The band has marched in many prestigious parades, including in 1989 the George H. W. Bush Presidential Inauguration Parade, the Fiesta Bowl, the Tournament of Roses Parade, the Hollywood Christmas Parade, the Macy's Thanksgiving Day Parade in both 1998 and 2008, and the 6abc Dunkin' Donuts Thanksgiving Day Parade.
The FHS Marching Band as of 2023 is a state runner up and placed top 6th in the Bands of America regional in Johnson City, TN.

== Publications ==
In 2017, Connotations received the Columbia Scholastic Press Association Gold Crown award, the highest award given to literary magazines.

In 2005, Connotations, the school's literary magazine, received a Superior award from the National Council of Teachers of English's Program to Recognize Excellence in Student Literary Magazines.

In 1993, 1995, 1997, 2007 and 2013, Connotations won the National Scholastic Press Association (NSPA) Magazine Pacemaker Award. In 2006, Connotations was placed in the NSPA's Hall of Fame for receiving the highest rating that NSPA awards in its critique service twelve times in the schools' recent history

In 1994, the Columbia Scholastic Press Association awarded Connotations the CSPA's Scholastic Gold Circle Awards for its Overall Design, Cover Design (Two or More Colors), Title and Contents Page, and Typography.

== Athletics ==
The Fayetteville Bulldogs and Lady Bulldogs are highly competitive in the state's largest classification, 7A in football and 6A in all other sports, and are members of the West conference of that classification. State championships include:

- 14-time Boys' Golf (1950–52, 1959–63, 2004, 2013-2017)
- 13-time Girls' Golf (1973, 1975, 1977, 1985, 2001, 2003, 2005–11)
- 12-time Boys' Cross Country Running (1965, 1969–75, 1983–86)
- 10-time Boys' Swimming (1972–74, 1976, 1978, 1981, 1985–86, 2000–01)
- 8-time Girls' Basketball (1979, 1993–94, 2009, 2011, 2015, 2017, 2020)
- 8-time Boys' Tennis (1970, 1972–73, 1976, 1981, 1984, 1989–90)
- 8-time Girls' Gymnastics (between 1998 and 2005)
- 7-time Baseball (1960, 2003, 2006, 2007, 2008, 2009, 2013)
- 7-time Cheerleading (2000, 2006, 2007, 2010–12, 2017, 2019)
- 6-time Football (2007, 2011–12, 2015, 2016, 2023)
- 5-time Boys' Basketball (1948, 1975, 1978, 1987, 2009)
- 5-time Girls soccer, 4-time Runner-up (2002, 2004, 2006, 2009)
- 5-time Girls' Swimming (1976, 1981, 1999, 2002, 2018)
- 5-time Volleyball (2012, 2015, 2016, 2017, 2020)
- 3-time Dance (2016, 2019, 2024)
- 2-time Softball (2006, 2007)

In 2006, Sports Illustrated ranked Fayetteville High School in the nation's Top 20 High School Athletic Programs, stating:

"Located across the street from the University of Arkansas, this school has won a state-best 24 titles in 10 sports since 1996. The Purple Bulldogs’ girls’ gymnastics team has won eight straight state championships, and the girls’ soccer team took four straight from 1998 to 2001, plus one in 2010. Since 1996 the boys’ basketball team has made five appearances in the state semifinals and went to the title game in March. Fayetteville has also won four state championships in indoor track, which is not a recognized sport in the state.

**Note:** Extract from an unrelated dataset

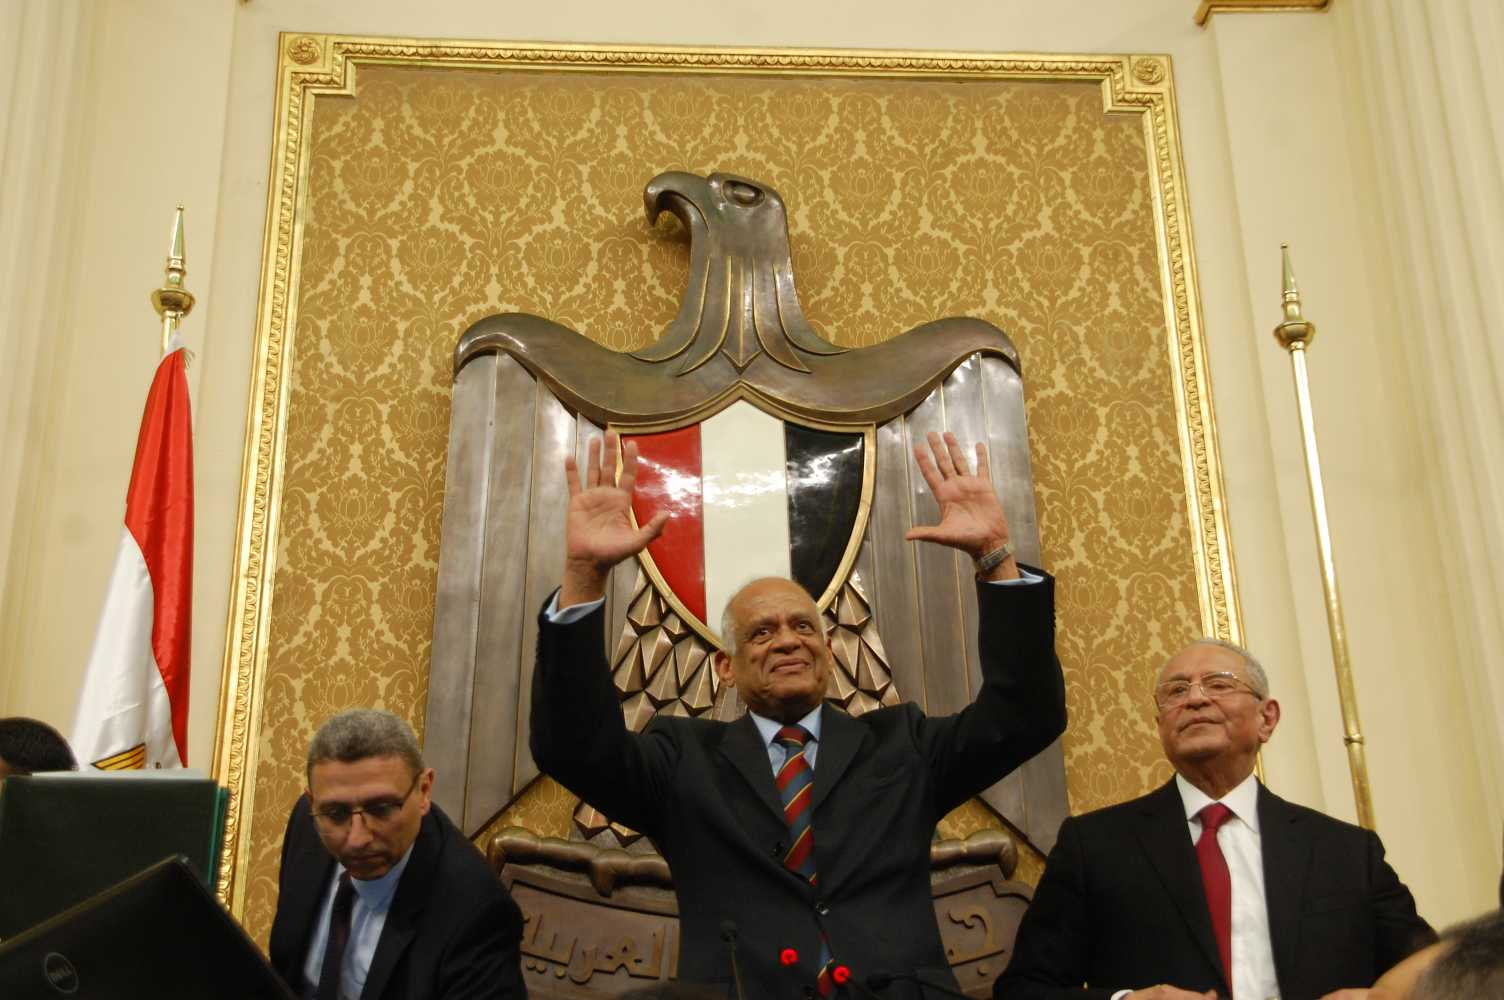 علي عبد العال رئيس مجلس النواب - أصوات مصرية

2007 saw the Bulldogs win their first state football championship after 103 years of playing football, defeating Springdale Har-Ber 28-7 in Little Rock. Eight years later, they would duplicate the feat, defeating Har-Ber 28-7 again to claim their fourth state championship.

In March 2009, FHS concluded undefeated seasons in both boys and girls basketball and won 7A state championships. The girls finished 32-0 while the boys finished 30-0, with the boys carding a No. 8 final national ranking.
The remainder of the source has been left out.